In recent years there were concerns from some quarters that addressing God as “father” was “problematic.” That’s a misapprehension of what Jesus’ intention is. We know there is no biological relationship between Jesus and God the Creator. Our Lord is using human language to help us understand the nature of the relationship. When it comes to our use of “Father” in addressing God, it’s the same. It’s a characterization based on what we know of relations between men and their children, that they indeed parent differently from mothers, that they often stand psychologically at a distance from their children relative to the mother’s close proximity, all the while being just as dedicated to their offspring; and of course, we are thinking of God as the absolute ideal expression of fatherhood which far transcends our experience of even the best of fathers.
So, what do we make of this parable that casts us as slaves? And this isn’t the only time we are so characterized; Jesus often uses the slaves of a household as an allegory. Are we to understand ourselves as God’s slaves? People in abject servitude to the Almighty?
Well, there are other religions that argue that this is the correct understanding and proper dynamic between ourselves and our creator. These don’t refer to God as “father” but understand him very much as a master to whom we submit.
A key to appreciating how Jesus uses the theme of slavery lies in understanding just how the whole institution of slavery was understood in the Hebrew culture that Jesus speaks from.
Slavery stretches back to the very beginnings of human society and likely began as a consequence of war. Rather than kill all of one’s defeated enemies, a good way to eliminate them as a threat and derive some benefit to offset one’s own war losses is to enslave those of the enemy who survive. Built into that is the justification for enslavement based on the superiority of the masters as better because the slaves are literally ‘losers’ and this proves the inferiority of the enslaved who are suited to serve the ‘master’ race or nation. This was called “natural slavery,” and so, the children, grandchildren, etc. of slaves were equally “losers” and so “naturally” slaves. However, with this horrible idea came along a whole host of assumptions: that the bulk of humanity was truly dispensable, existed for exploitation, and only the strong, the wily, the cold-hearted have what it takes to earn and keep their freedom and dignity.
For us as North Americans, our ideas about slavery are more informed by the African slave trade driven by the plantation economy centered on the Caribbean sugar industry, and later the production of tobacco and cotton in what we know as the American South. The understanding of slavery was different as the slaves weren’t the defeated from a war, but people simply seized by powerful African nations who victimized their weaker neighbors. They then handed over their captives to Arab brokers who sold them on to Europeans desperate for laborers. This dehumanization was then rationalized by theologians and jurists and scientists, along familiar lines of a natural inferiority, not proven by military defeat, but rather according to more modern criteria that gave license to people being reduced to a commodity—the human capacity to justify injustice being boundless.
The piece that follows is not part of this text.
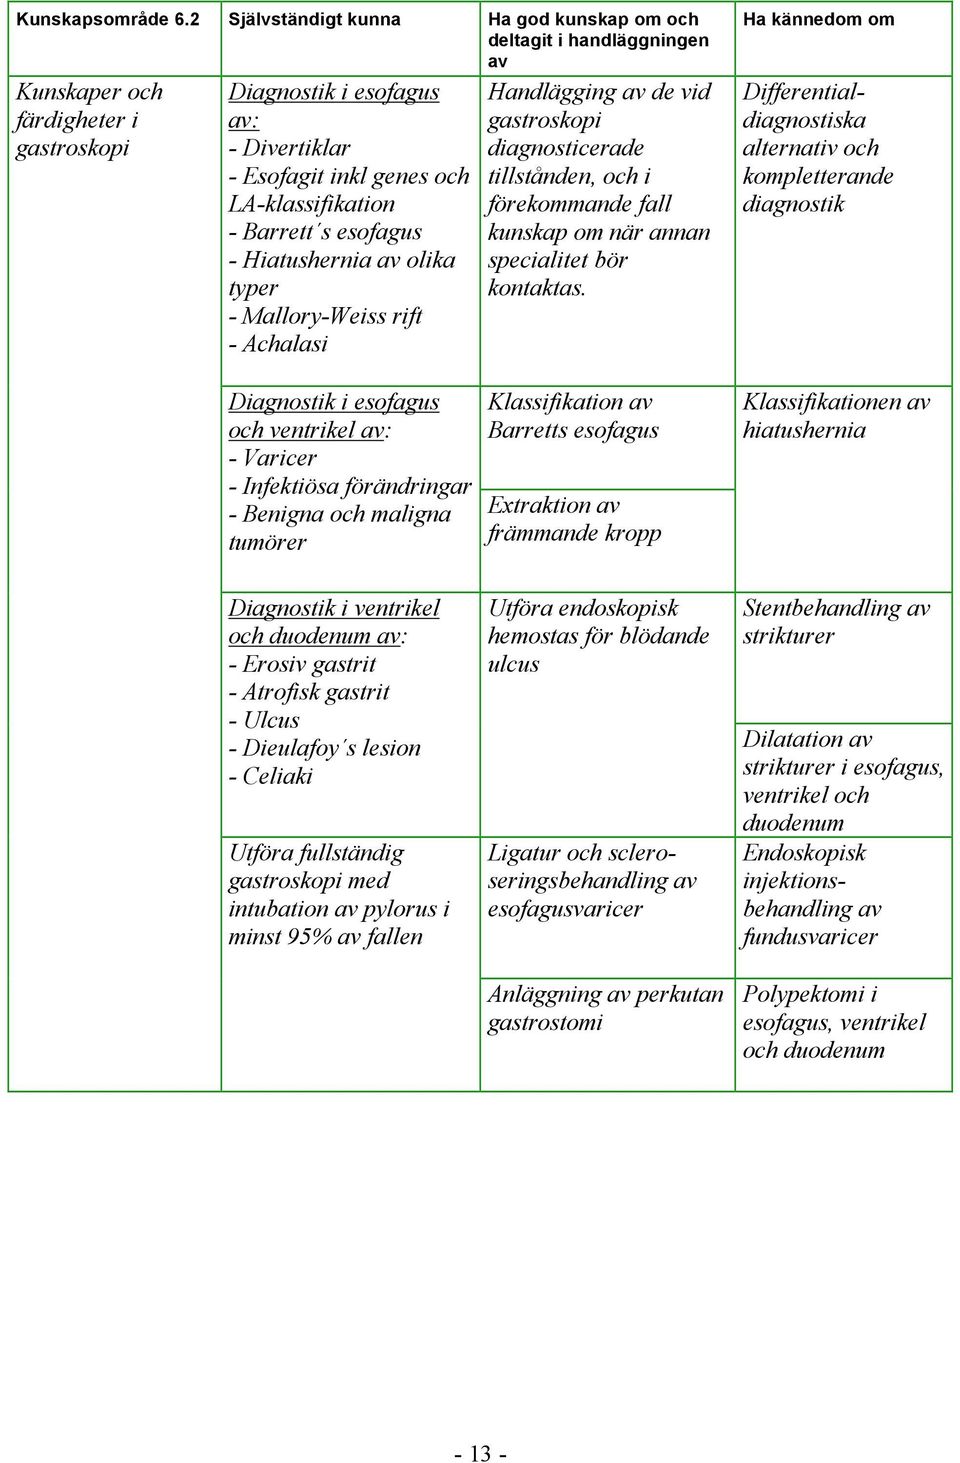 Hiatushernia olika typer - Mallory-Weiss rift - Achalasi Diagnostik i esofagus och ventrikel : - Varicer - Infektiösa förändringar - Benigna och maligna tumörer Handlägging de vid gastroskopi

The understanding of slavery in ancient Israel was very different, like neither of these, and is remarkable for how in its very law, the Torah, it departs from all other societies and cultures contemporary with it. While slavery was seen as part of the harsh reality of human society, slaves remained equal in their humanity – slaves had rights under the law. The Torah prohibits a master from killing or injuring his slave (Exodus 21:20, 21:26-27); in the former case the master receives the death penalty, and in the latter the slave is set free.
Their relationship of master to slave wasn’t one of owner and property, but rather as being grounded in an obligation. The basis of slavery was economic. Slavery was the consequence of indebtedness; the financially ruined having nothing left to sell or offer in barter but themselves. And so, the debt was capable of being discharged; and the Torah actually put a limit on the term of enslavement, six years.
So, I hope this recasts in your minds what is going on in these parables, because a master in this situation is unexpectedly (for us, and in relative terms) a benefactor for those who have no where else to turn. He takes people into his household, clothes, feeds and houses them. Their labour is expected in return, but the prospect of freedom is there. The good slave will be freed. And the bad slave isn’t killed, rather he’s thrown out of the house, chased off the estate into that “outer darkness” we hear so much about.
We know the good slave from the bad according to what they do with the talents the master gives them. Now in our culture today, we often encounter a distortion of this parable’s wisdom, cut off as so many are from the Bible. Talents are now encouraged and developed for their own sake. You see a kid with a good throwing arm, and the baseball-minded think it would be a shame, even a sin, not to help develop that ability. The same with artistic talent, be it in the fine arts or the performing arts; but that motto of “art for art’s sake” is a subtle kind of blasphemy.
They misinterpret that part of the parable where the slave buries his one talent. The sin against God is seen in, perhaps the laziness toward the work of nurturing a talent; or there is a lack of faith seen in the fear of failure and embarrassment, and so again, a refusal to work on a talent. But this is far from the worst of it.
The sin is in not using our talents to enrich our master’s estate; we work for him, and do so gratefully because he has taken us in, saved us. So, it’s not in the developing and use of talent that we please God; it’s in what we apply our talents toward.
St. Gregory of Nyssa suggested that the burying of the talent by the one slave was a metaphor for giving that talent to the world. A talent for organization could be developed and spent in the world, devoted to crime, for example, and that would then yield nothing. A talented musician could write and perform songs that draw thousands, millions of fans to his concerts, and have them downloading his work; but if that music is satanic, or pornographic, if it glorifies violence, or immorality, that talent has been wasted.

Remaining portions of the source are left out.